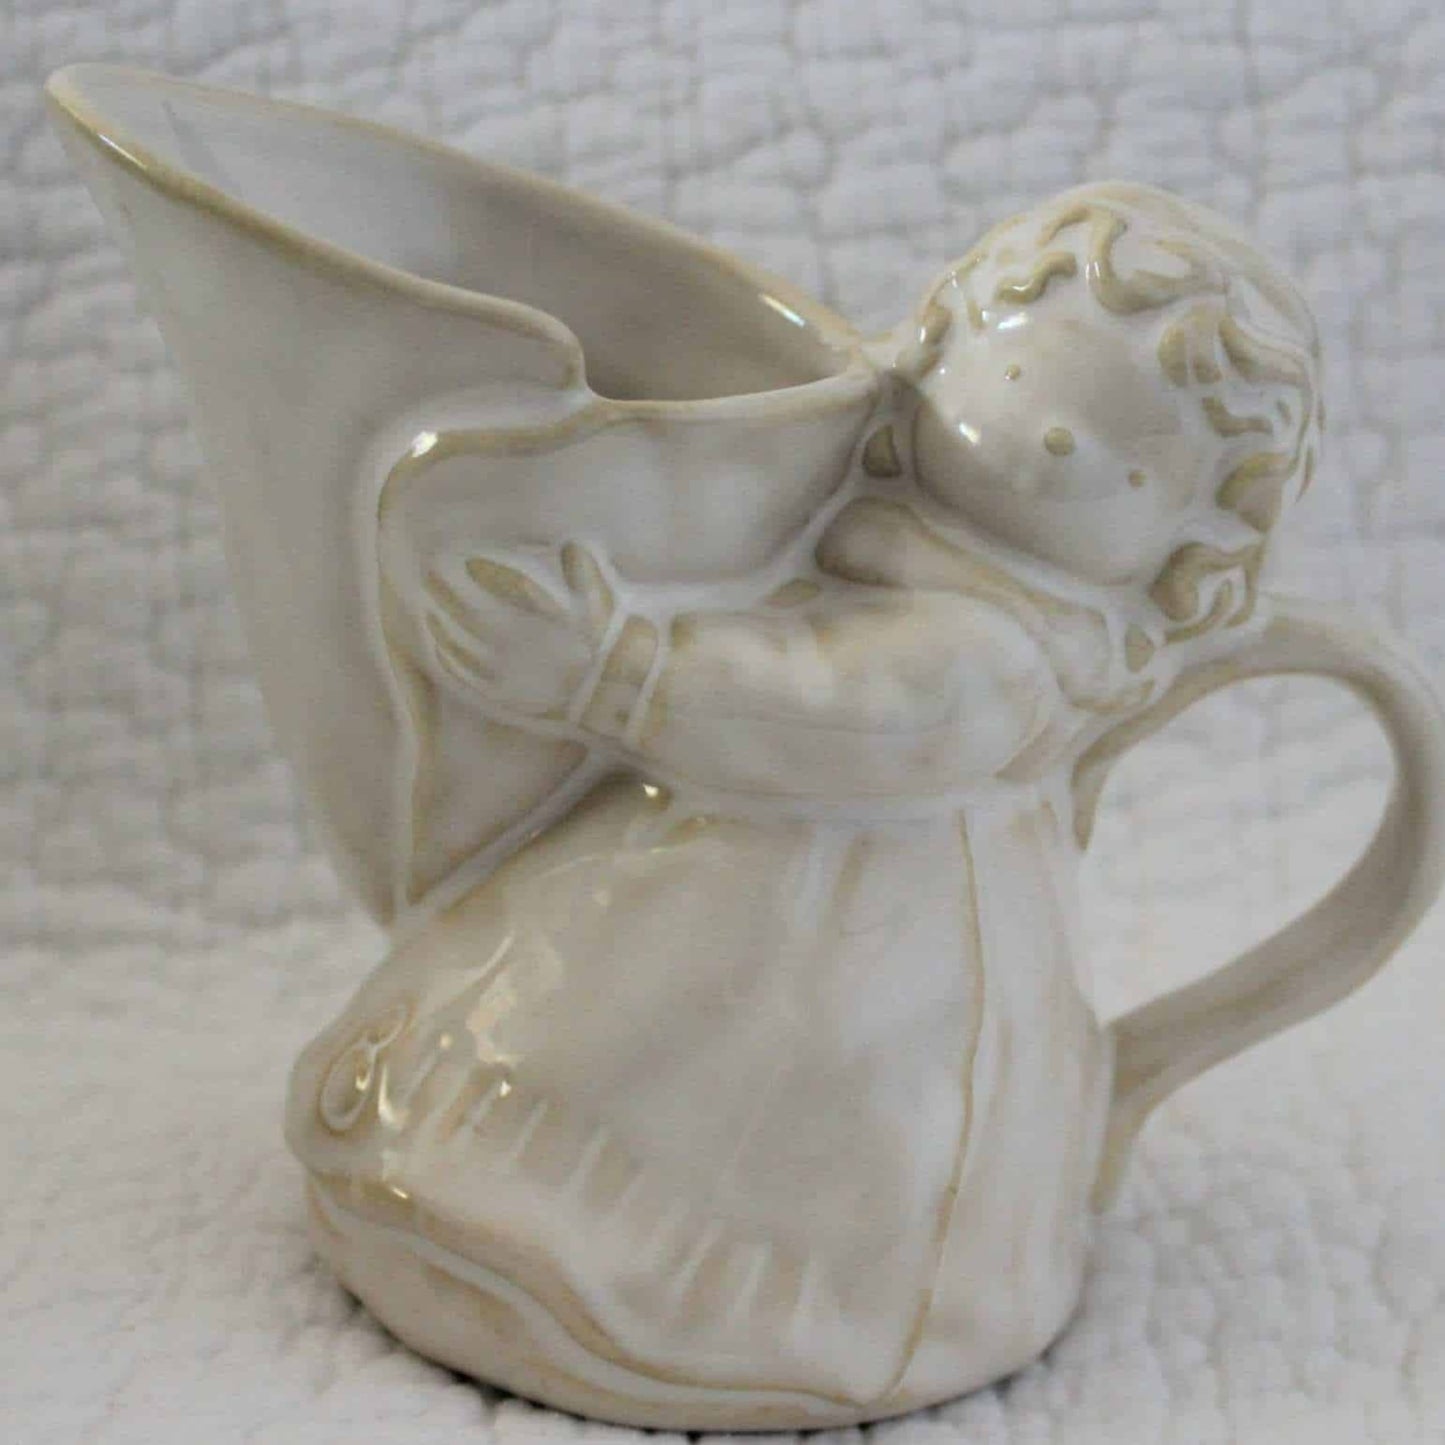 Creamer and Sugar Bowl with Lid, Twelve Days of Christmas, Pottery Barn, Ceramic
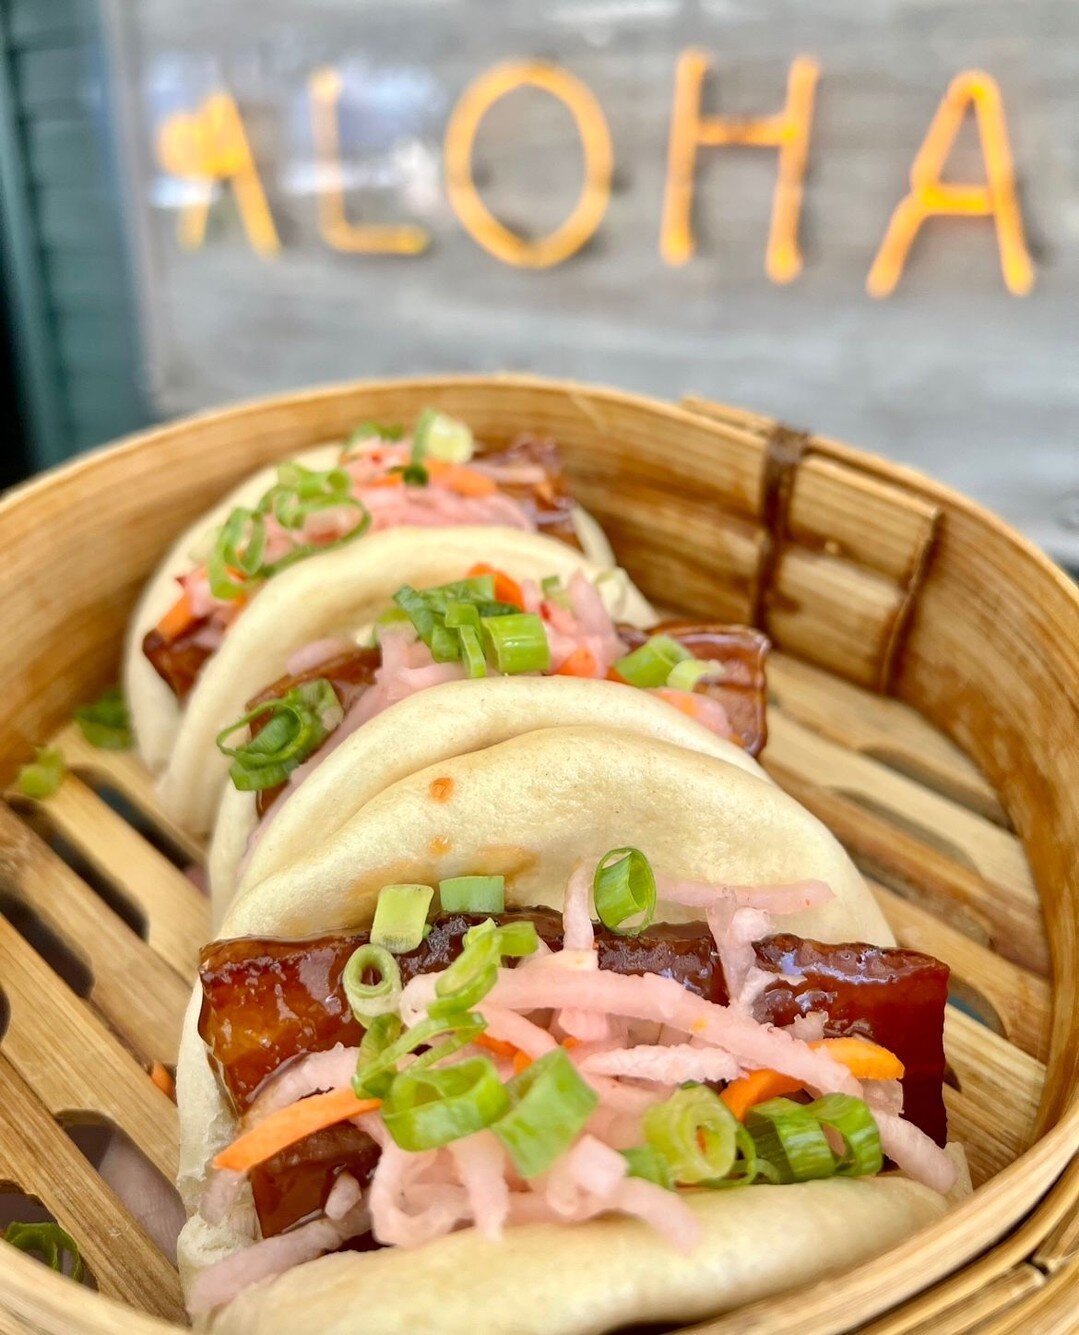 This is your daily reminder that Pork Buns are always (ALWAYS!) a good idea! 😋

#starnoodle #maui #hawaiifoodfinds #bao #mauieatlocal
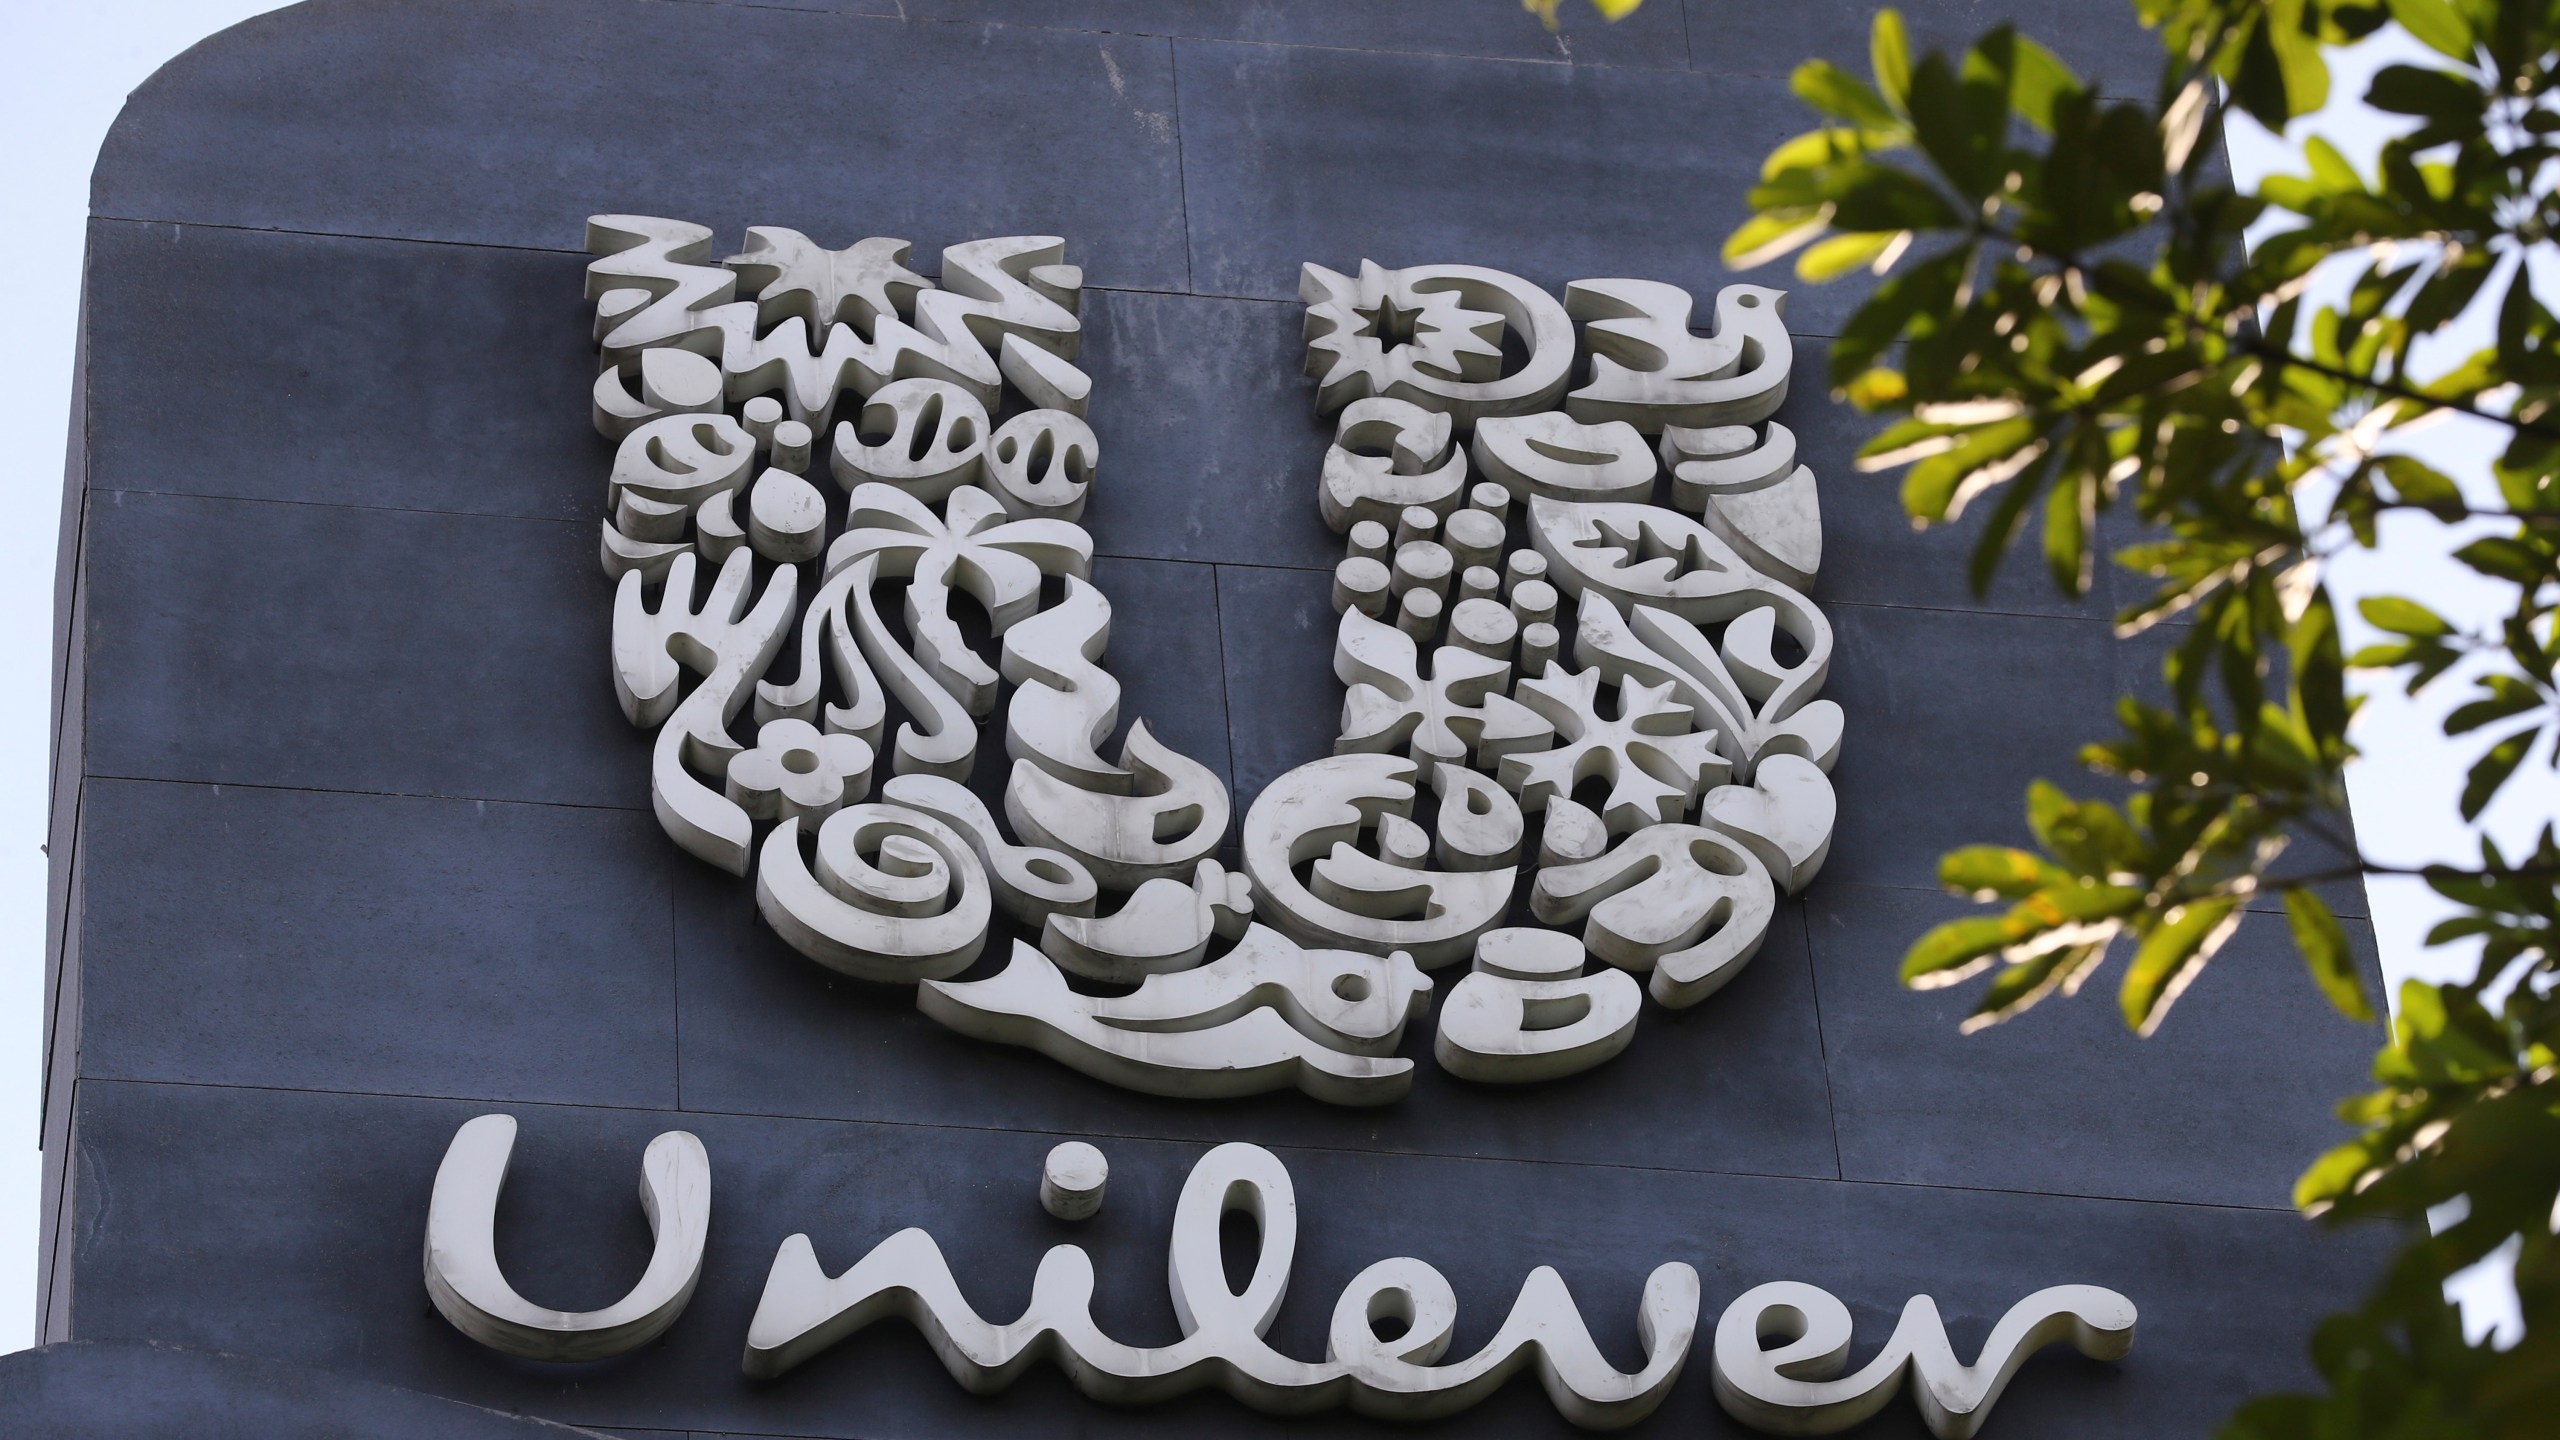 FILE - A Unilever logo is displayed outside the head office of PT Unilever Indonesia Tbk. in Tangerang, Indonesia, Tuesday, Nov. 16, 2021. Unilever, the company that makes Ben & Jerry’s ice cream, Dove soaps and Vaseline, says it's cutting 7,500 jobs and spinning off its ice cream business to reduce costs and boost profits. (AP Photo/Tatan Syuflana, File)

──────────────────────────────

ABOUT THIS TASK: From the data above, retype only the lines starting with the line with "This is your" and going on through the line with "#starnoodle #maui #hawaiifoodfinds", exactly, leaving out the pictures.

COMPLETED TASK:
 This is your daily reminder that Pork Buns are always (ALWAYS!) a good idea! 😋

#starnoodle #maui #hawaiifoodfinds #bao #mauieatlocal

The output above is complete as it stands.